Our guide to small business phone etiquette tells you exactly what to say when you answer the phone.
The Evolution of the Telephone in Business
The telephone has become an invaluable sales tool, ever since its invention. The first contact between customer and business remains most commonly — the telephone. First impressions count, so whether the first voice your prospective customer hears is a receptionist’s or an IVR (Interactive Voice Recording) professional tone and courtesy are paramount. Despite the technological advances in telephony — from the old party line and operator through to PBX switchboards, cell phones and Cloud-based services, the constant factor is, as always, customer service.
The telephone has become an invaluable sales tool since its invention by Alexander Graham Bell. Sales over the telephone are made or interest in a product or service is generated every hour of the day and night around the world. Ask anyone who owns and operates a business if they could survive without a telephone, and the majority, if not all, would say that doing business without the use of a telephone would be impossible.
In this electronic world, the first contact between a business and a customer is usually made on the telephone. That first voice a customer hears when calling a business is an important one. Tone and courtesy are as important for the receptionist as a knowledge of the product or the service the business offers.
In this day of condo offices and other shared business spaces, that first contact — whether with an Interactive voice response (IVR) or contacting a receptionist — is vitally important. We have all spoken with a receptionist from another country who seems to have a limited grasp of English. Interactive voice response systems that use a voice menu function extremely well and can help the caller get to the required department without delay. The idea of even a small business using a virtual receptionist for small business is taking hold.
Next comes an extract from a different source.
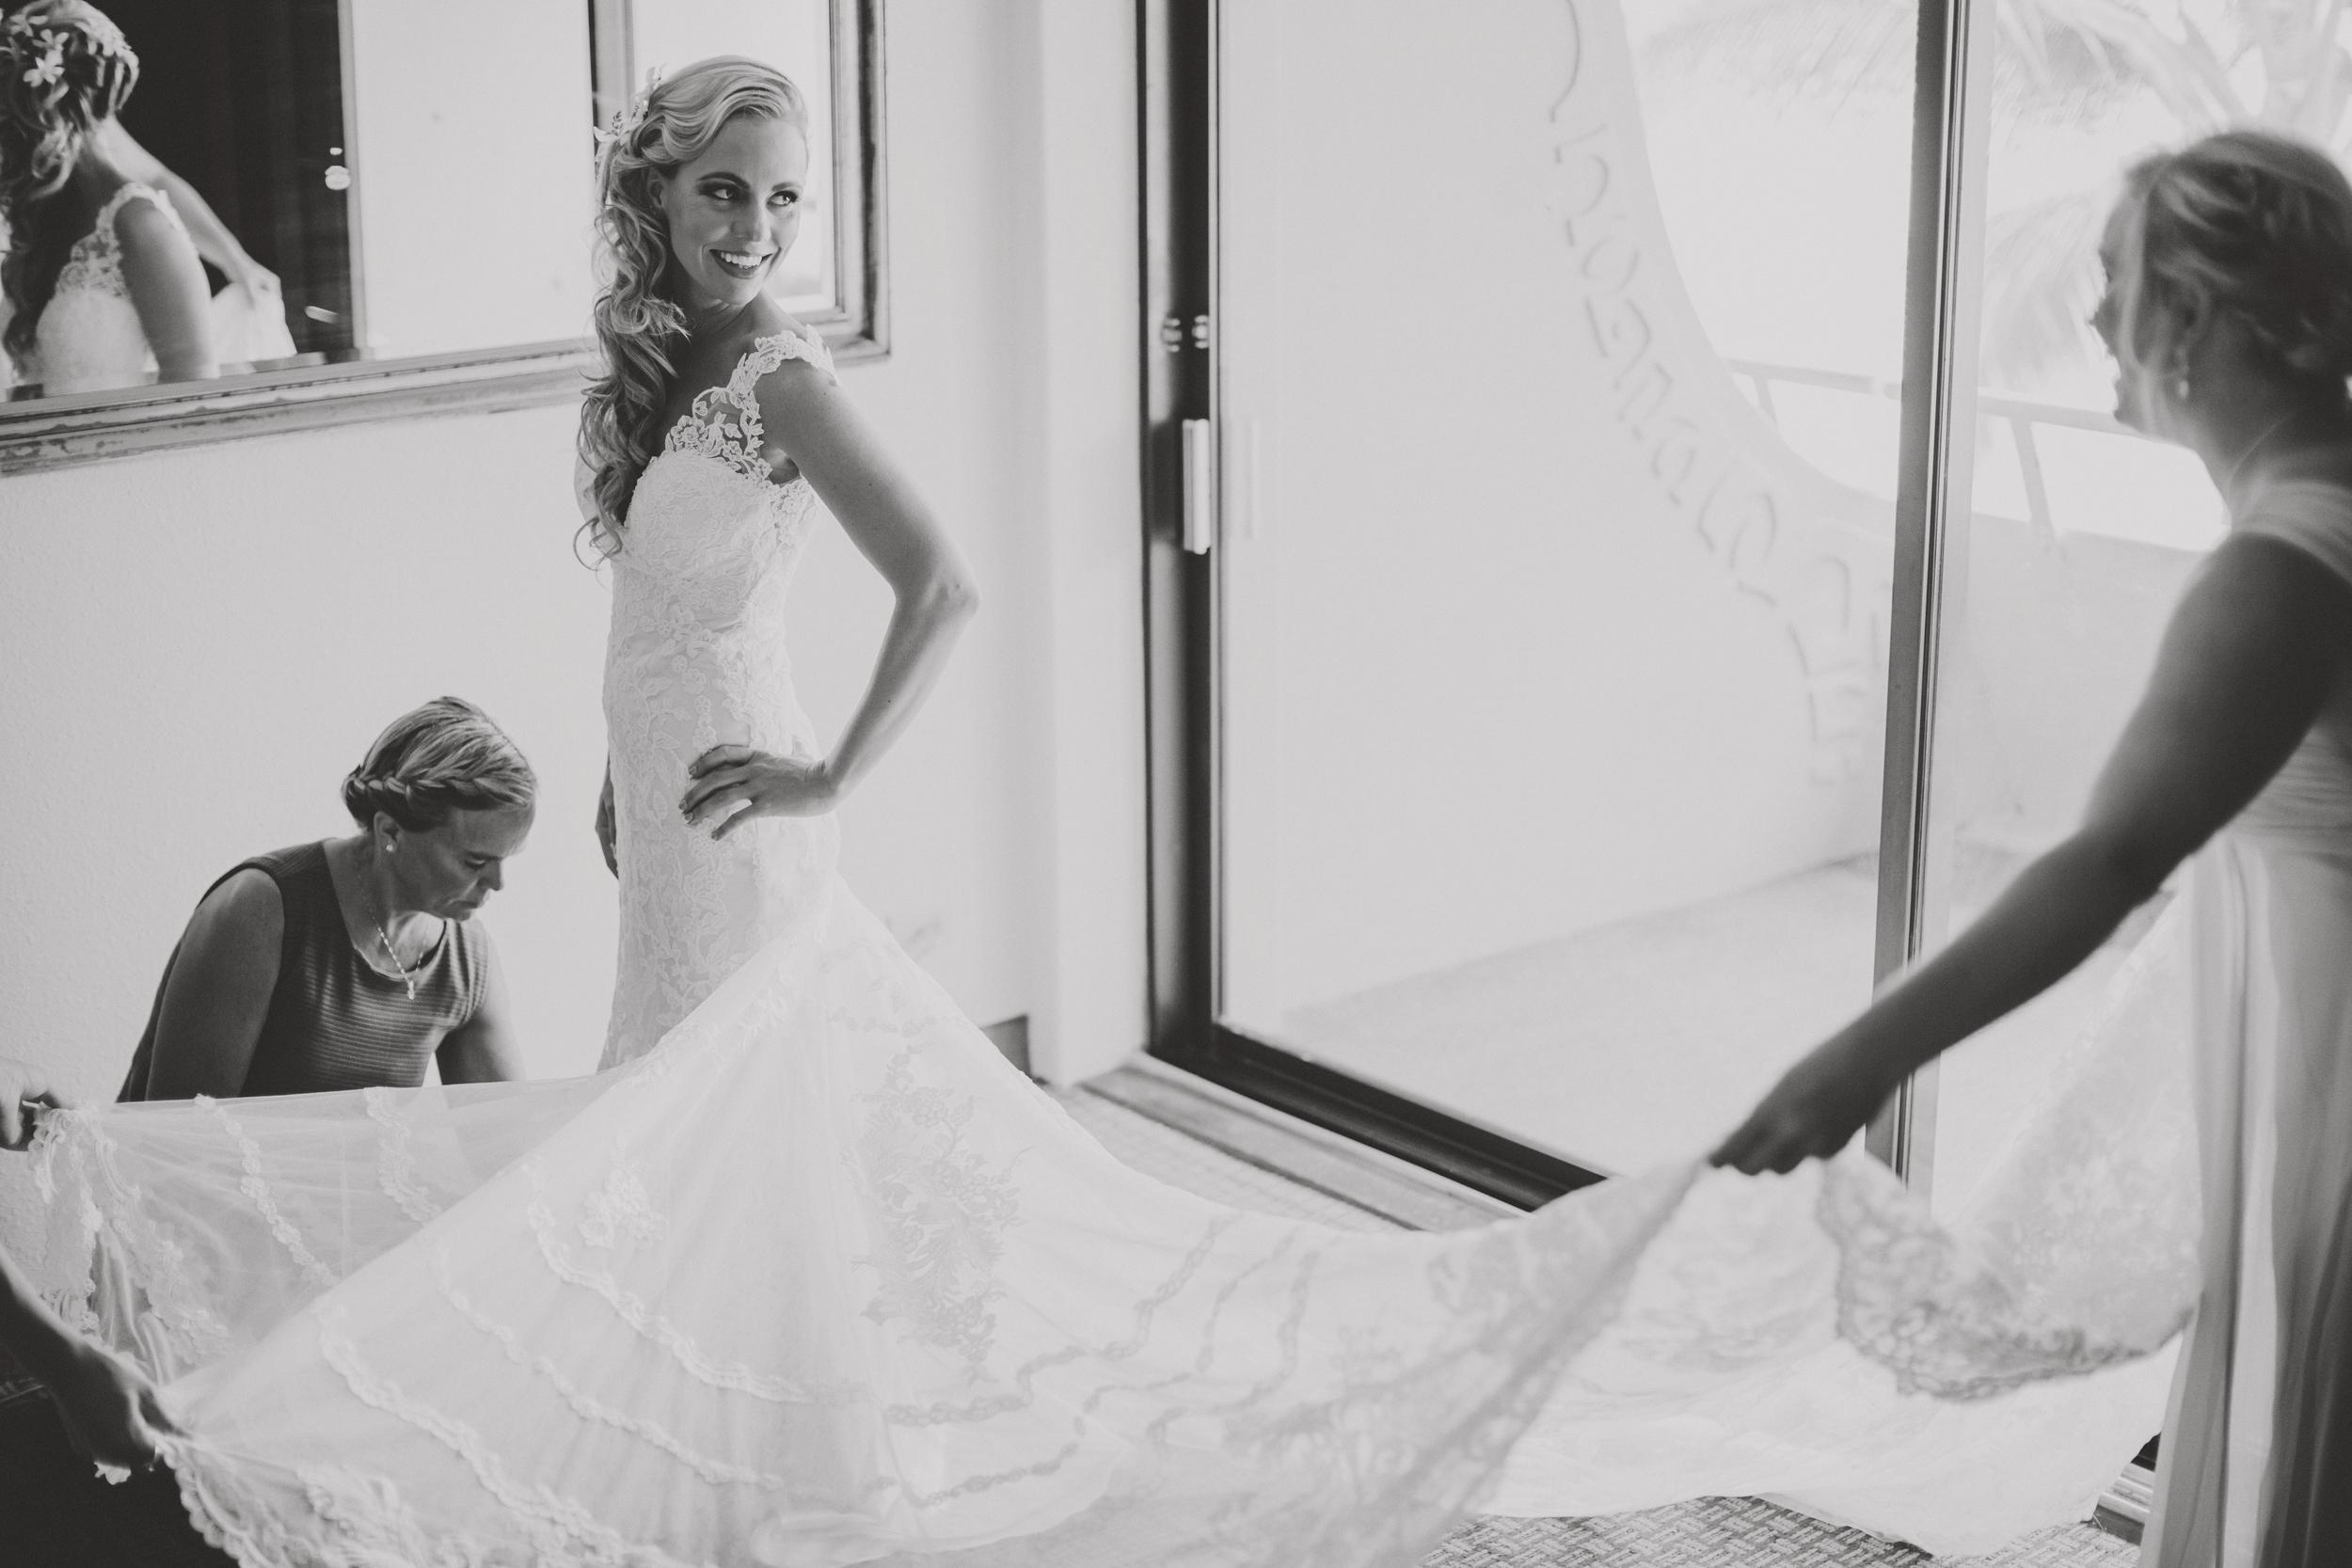 angie-diaz-photography-hawaii-wedding-photographer-kelli-jay-19.jpg

As businesses grow in size and complexity this virtual receptionist for small business needs becomes apparent. The potential customer or the satisfied customer does not want to waste time on the telephone in contacting a business for the first or fiftieth time and any system, whether a simple voice menu or an interactive voice response, is a great asset for any business.
The interactive voice response is shortened to IVR, and it has made customer to business contact much easier. The IVR is replacing having to deal with a discourteous receptionist or one who hardly understands English. We all want a fast track answer to our questions for any business and the business owner wants to maintain a helpful positive image. Business owners know that making a sale can be hard, but losing a sale is very, very easy. The first contact between customers and a business must be a combination of friendly and courteous discourse and helpful answers to the client’s business questions.
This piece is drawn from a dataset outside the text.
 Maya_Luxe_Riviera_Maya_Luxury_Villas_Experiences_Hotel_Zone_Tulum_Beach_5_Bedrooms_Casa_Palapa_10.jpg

The business owner was, at one time, the perfect receptionist! When a customer calls or walks in the door, the owner knows that this is his/her golden opportunity to make, not only a sale, but to create a customer who will come back again and again and will help the business by telling friends and family about the benefits of this business. Once the initial stage of business success has been achieved the business owner must relegate tasks to competent employees. The owner must keep his or her employees happy and keep their morale high in order to continue the success of the business. These owner/employee relations are one of the most difficult aspects of any business. Having an interactive voice response system in place solves a very large problem with that initial contact phase of any business. Once again a machine, the telephone and a service, the virtual receptionist for small business systems have combined to make customers and business owners happy. Thanks IVR.